In DDR Holdings, LLC v. Priceline.com LLC, No. 2023-1176 (Fed. Cir. Dec. 9, 2024), the Federal Circuit affirmed a judgment of non-infringement.
The dispute centered on the construction of "merchants" and "commerce object." DDR sought a construction for both terms that included both products and services. The district court construed the terms to only include products.
The Federal Circuit affirmed, relying on the patent's specification and the related provisional application. The specification only used the disputed claim terms in in the context of products without mentioning services. However, the specification incorporated by reference the provisional application, which defined merchants as selling either goods or services. Because there is a progression from a provisional to an issued patent, the Court determined the deletion of a term to be significant. The patentee chose to delete references to "products or services" and chose to define merchants as purveyors of goods alone. Therefore, the Federal Circuit excluded services from the construction of the disputed terms.

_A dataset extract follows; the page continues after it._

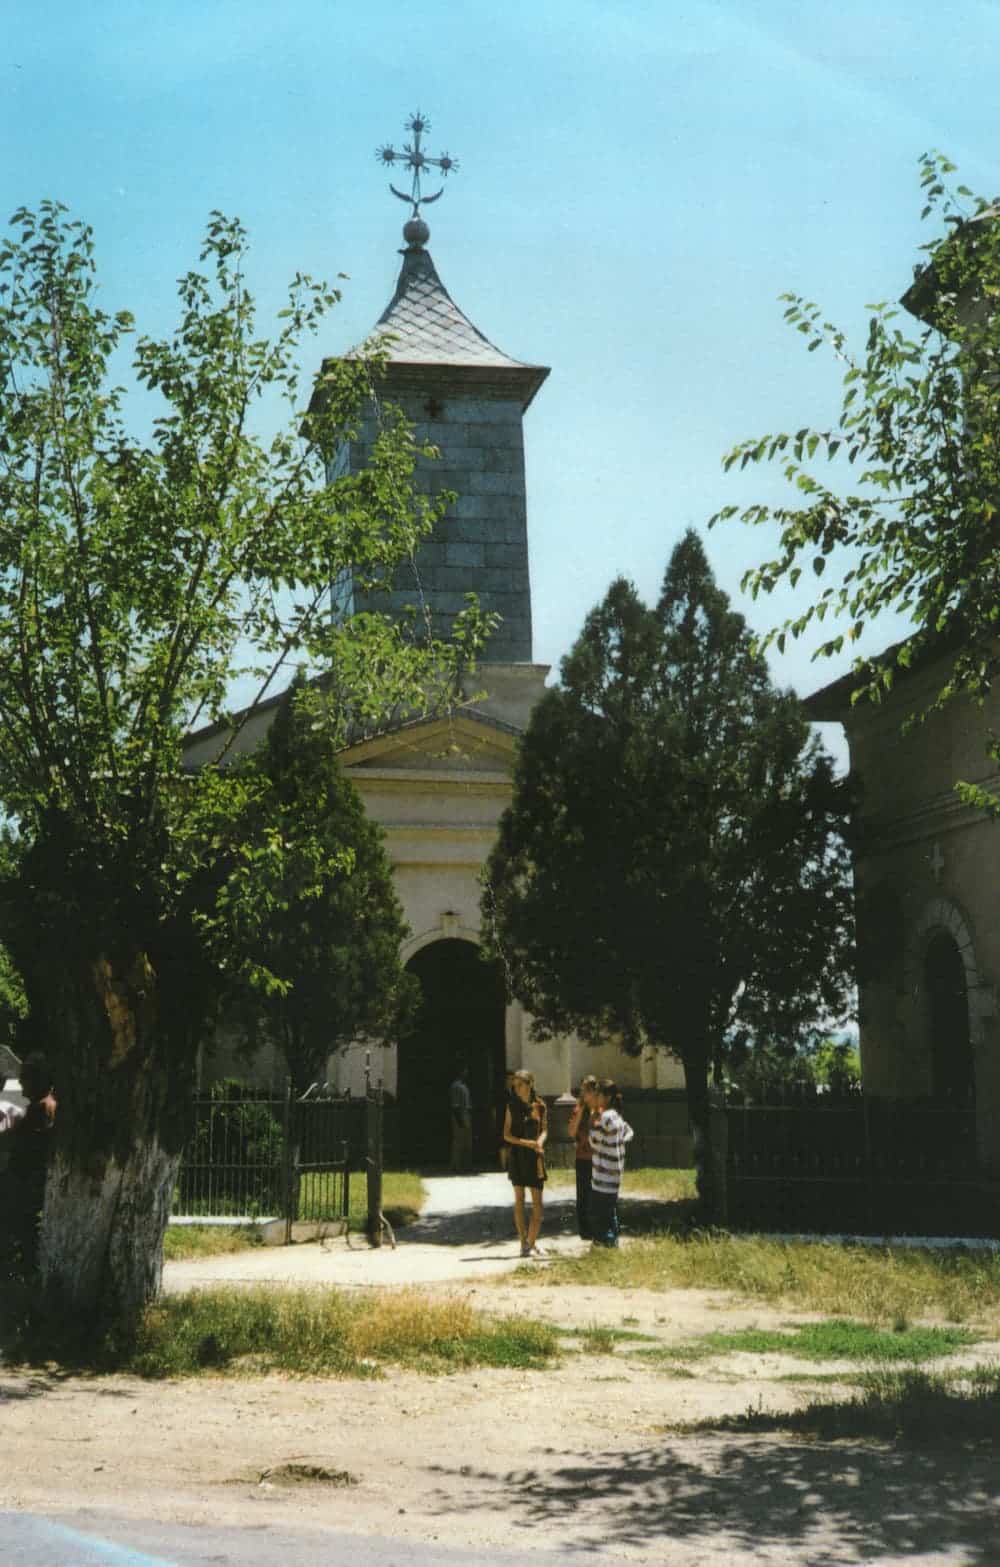 Ο Άγιος Παντελεήμων στη Βεντέα κτίστηκε το 1835 από τον Απόστολο Αρσάκη εις μνήμην τού αυτόχειρος υιού του Γεωργίου και τής Εβραίας μνηστής του, μετά την άρνηση τού Αρσάκη να δεχθεί τον γάμο τους

The Federal Circuit also rejected DDR's collateral estoppel argument based on the Board's construction because DDR failed to raise the argument in its opening brief on appeal or during claim construction at the district court. Moreover, the Federal Circuit noted that neither it nor the district court was bound by the Board's constructions because the Board had applied the broadest reasonable interpretation standard rather than the Phillips standard.